# AZ Coaster Club October ride!



## Jarod24 (Aug 19, 2019)

Alright guys and gals! Air up those tires and grease up that chain on your vintage ride. Let's get the gang back together! Meet up at Herberger Park. Saturday! 10/19/19 - 10 am. Cruise out at 1030 or so. Ride some miles and grab some drinks and grub like usual! Ill post up a route whenever I figure it out. Hope to see everyone out there! It's been awhile. Anyone and everyone is welcome to come out and ride, vintage or not. 


@dougfisk this post is mostly for lol, youre the only one not on FB.


----------



## Jarod24 (Aug 19, 2019)

@Eric I know you were interested also. It's on the FB page also. Hope to see ya there.


----------



## dougfisk (Oct 5, 2019)

Jarod24 said:


> ...@dougfisk this post is mostly for lol, youre the only one not on FB...





Jarod - That's because facebook is evil... and I can't be corrupted....


----------



## Jarod24 (Oct 18, 2019)

See you guys at the park 10am tomorrow!
@dougfisk


----------



## Awhipple (Oct 19, 2019)

Another great ride Jarod!


----------



## GTs58 (Oct 19, 2019)

Who all made the ride? I missed out again, as usual.   Hope yall had a good time today, I sure didn't.  

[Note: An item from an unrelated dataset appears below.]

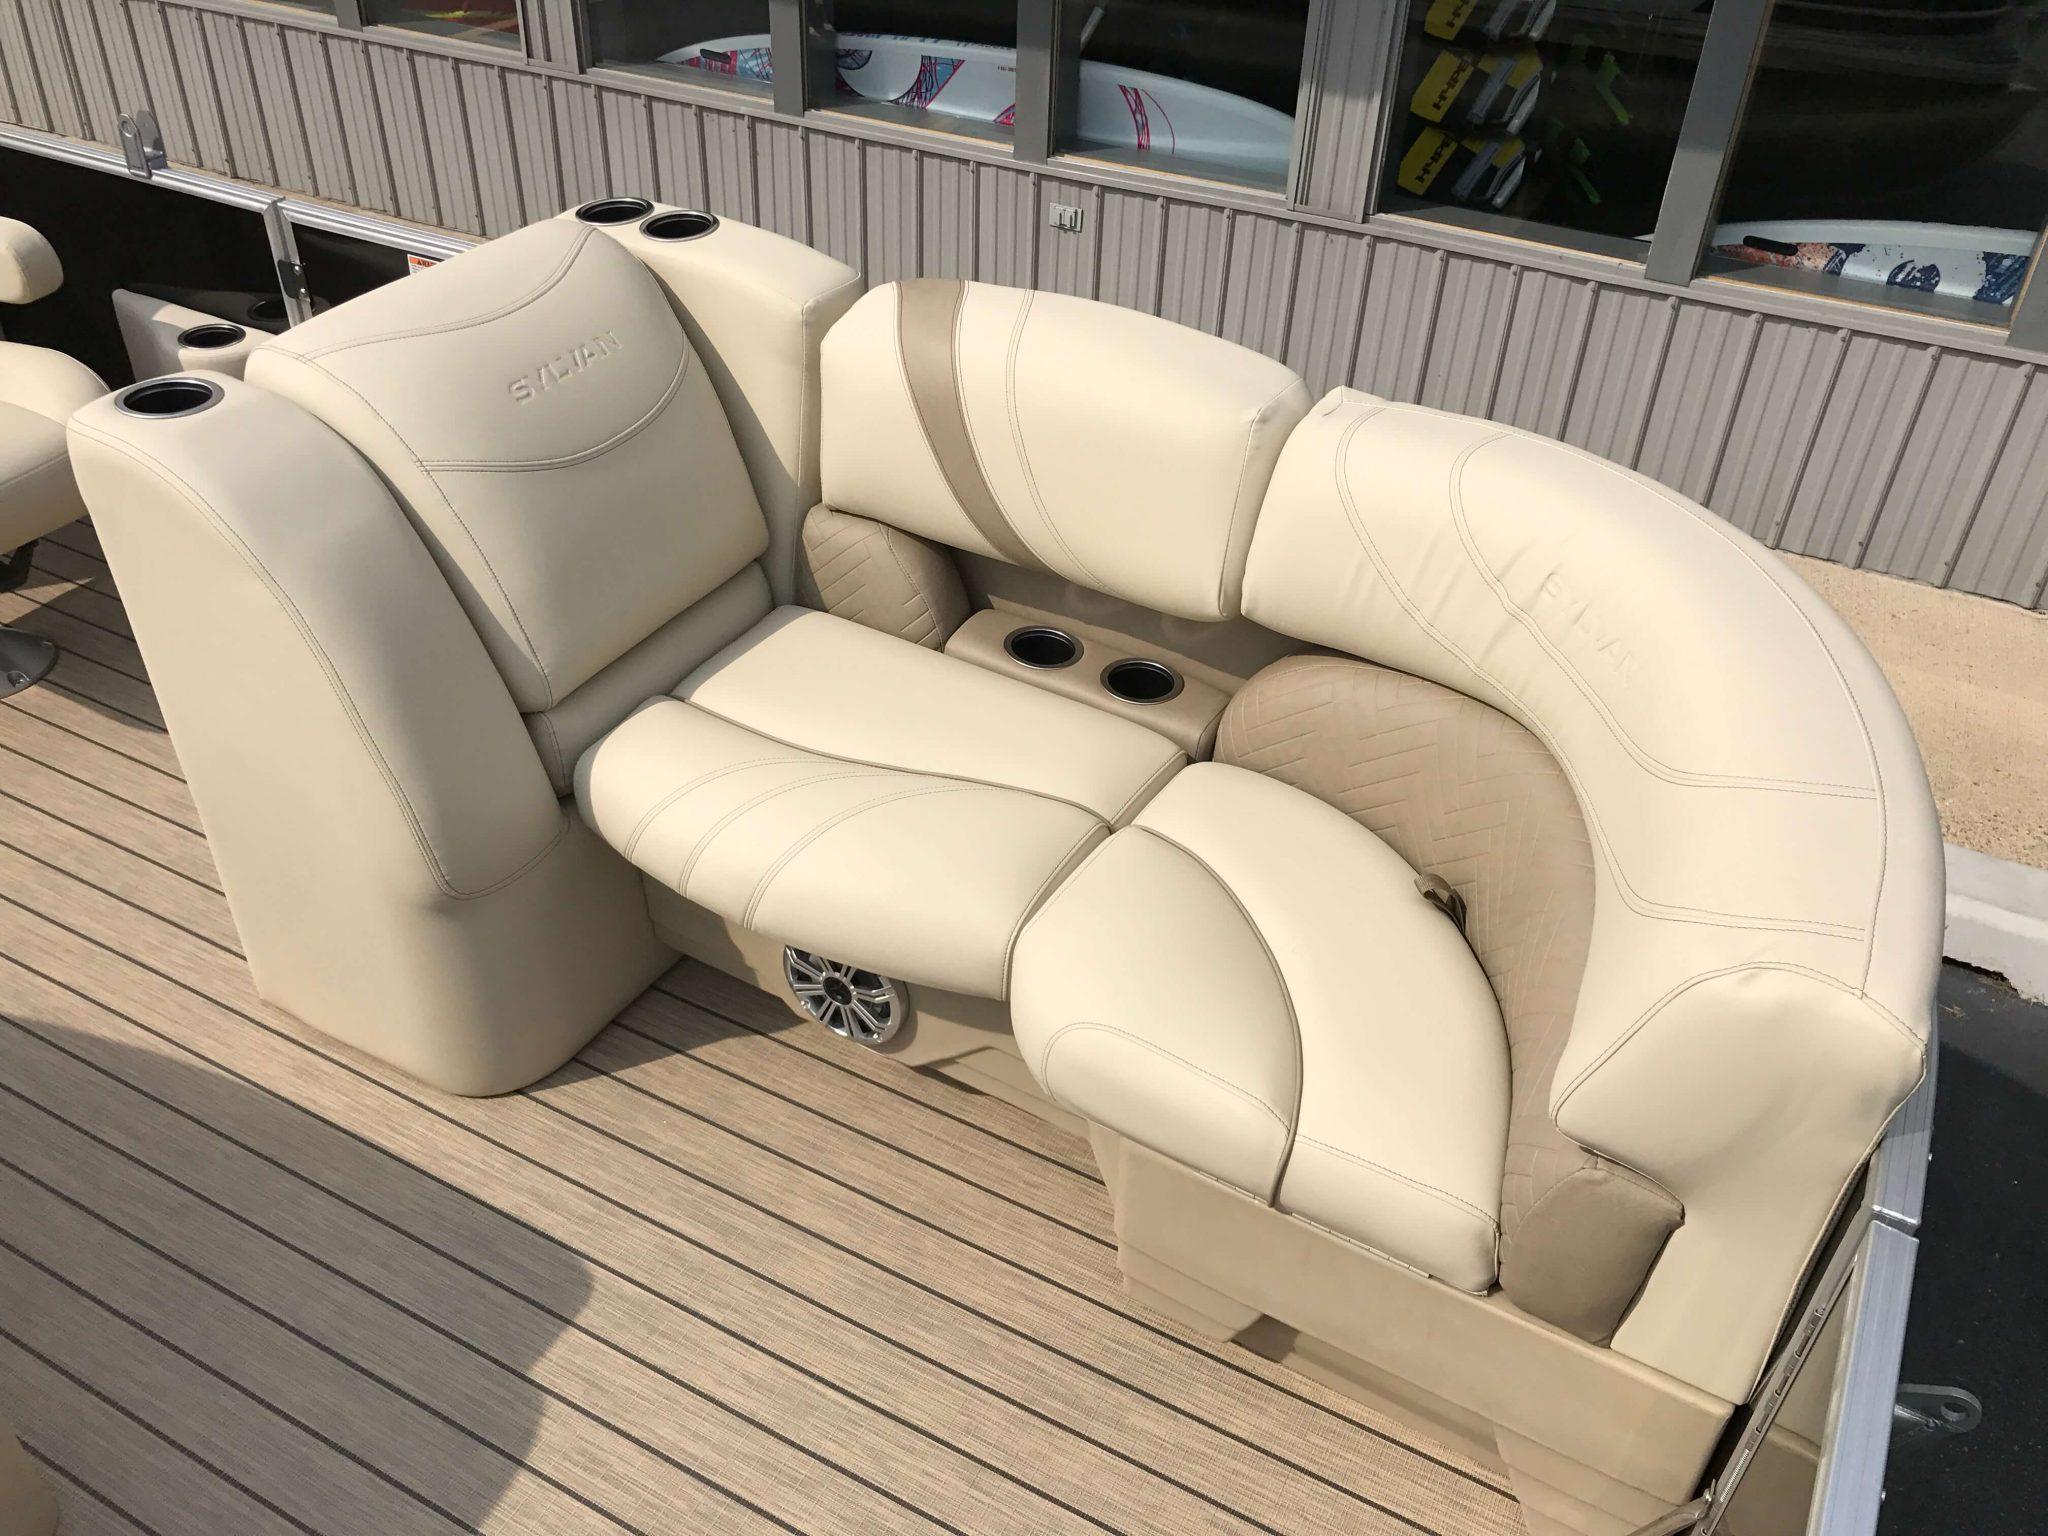 2019 Sylvan 8520 LZ LE Interior LZ Seating 3
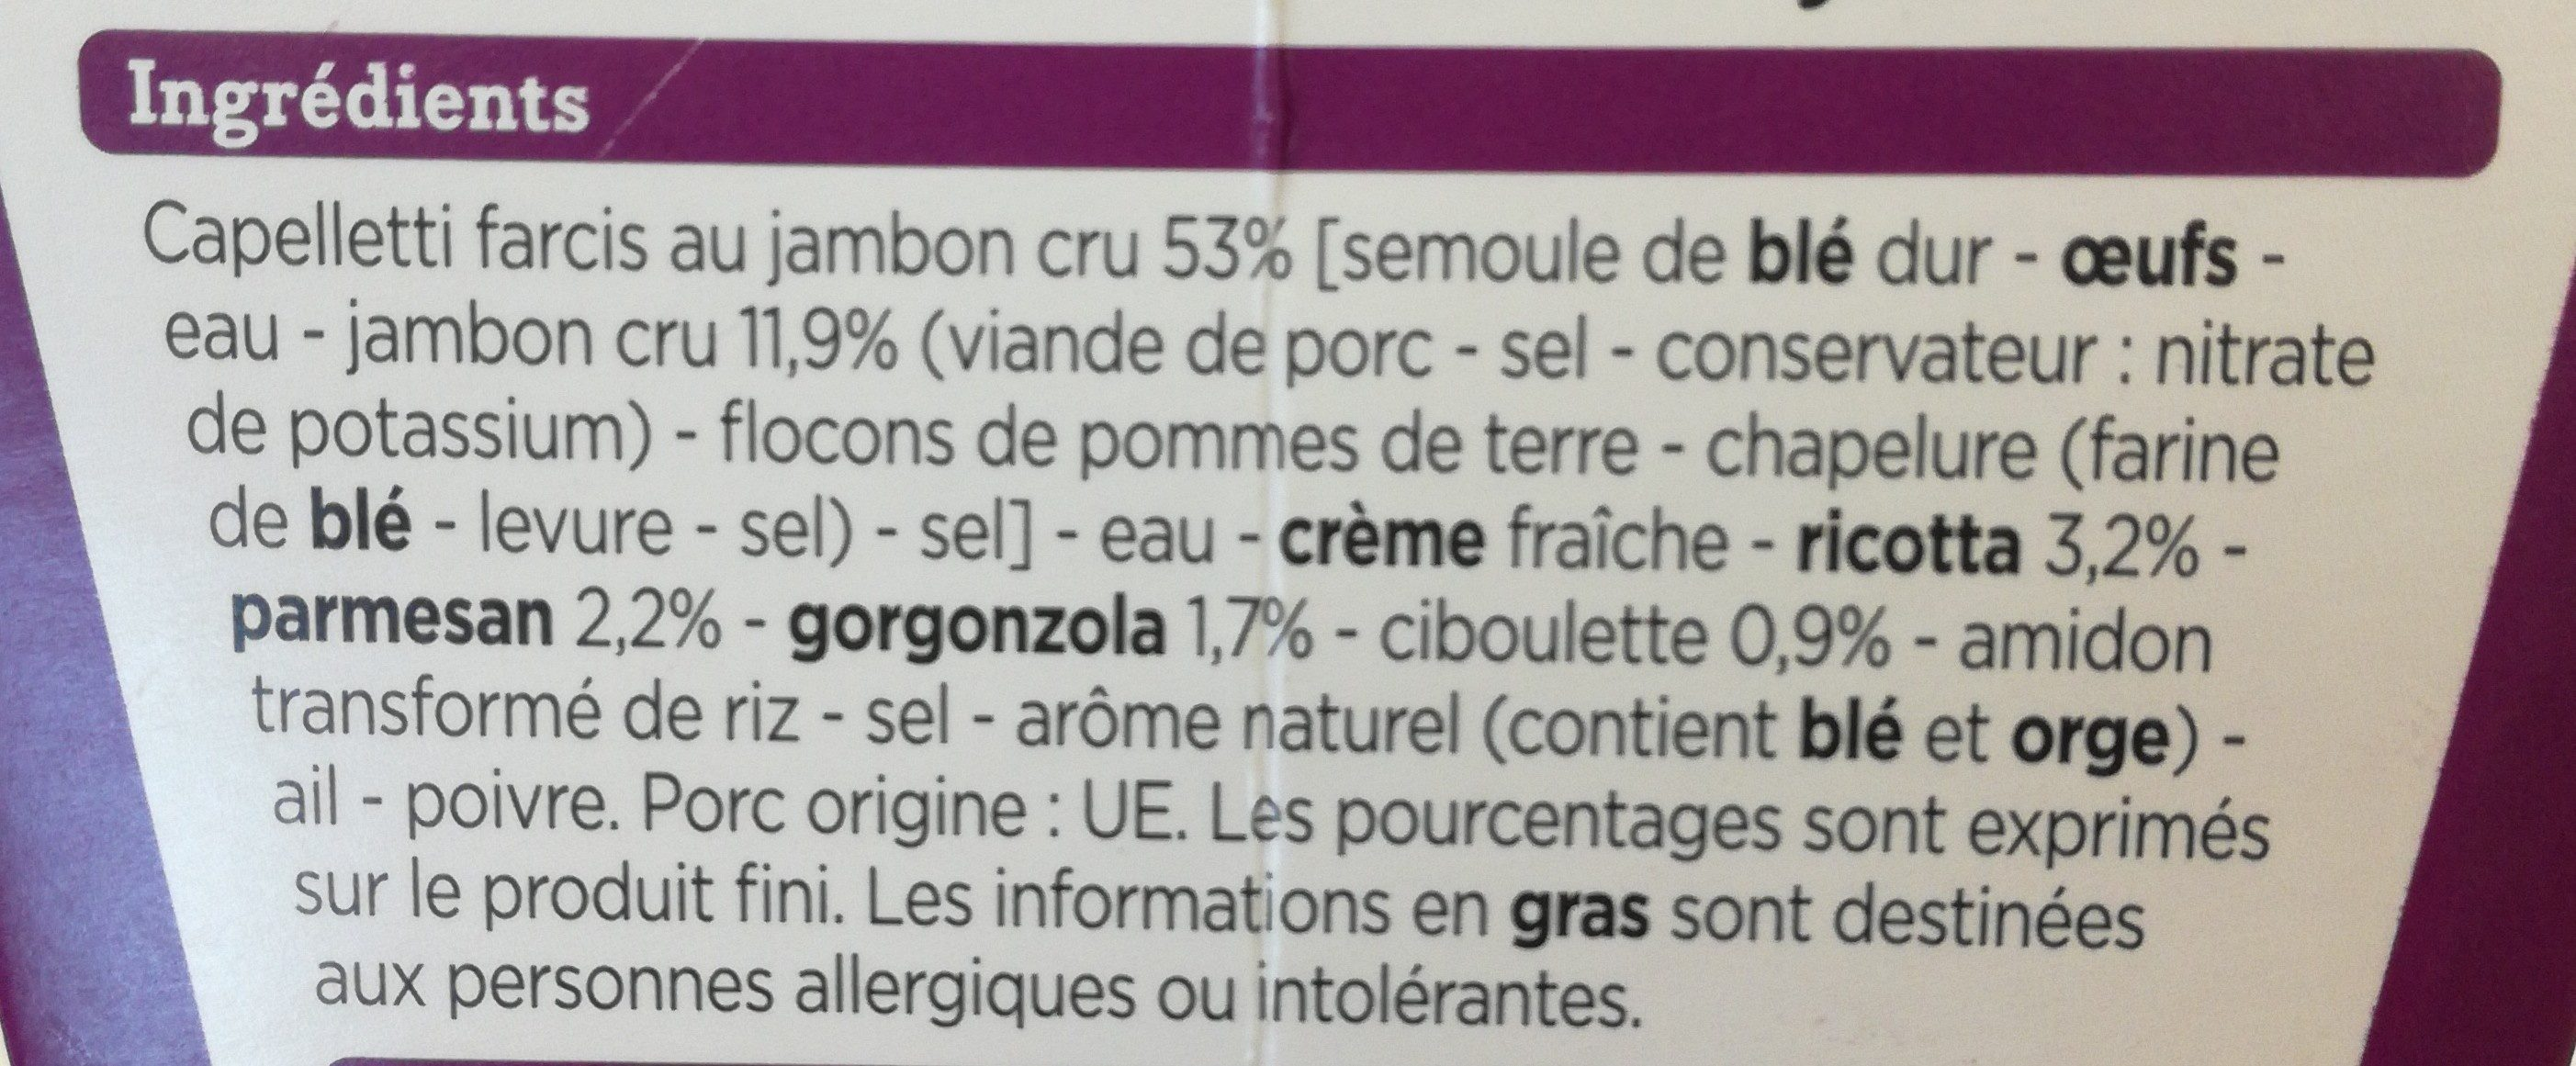 Capelletti jambon sauce 3 fromages - Ingrédients - fr

 Got the word they sold my RV Condo so I've been moving all my junk out over the last three weekends and today I got my pallet rack set up on some castors all ready for the move Sunday. This thing is 12.5' x 40" X 12' tall and my 1.5 ton jack seemed to be having a little trouble lifting one end.


----------



## Jarod24 (Oct 20, 2019)

@GTs58 one of these days you'll make it out. We had some new people this ride. Non vintage stuff. Had about 20 people total. As far as cabers it was myself, @Awhipple, and @62wagon. Good turn out though! I'll try to plan another one soon!


----------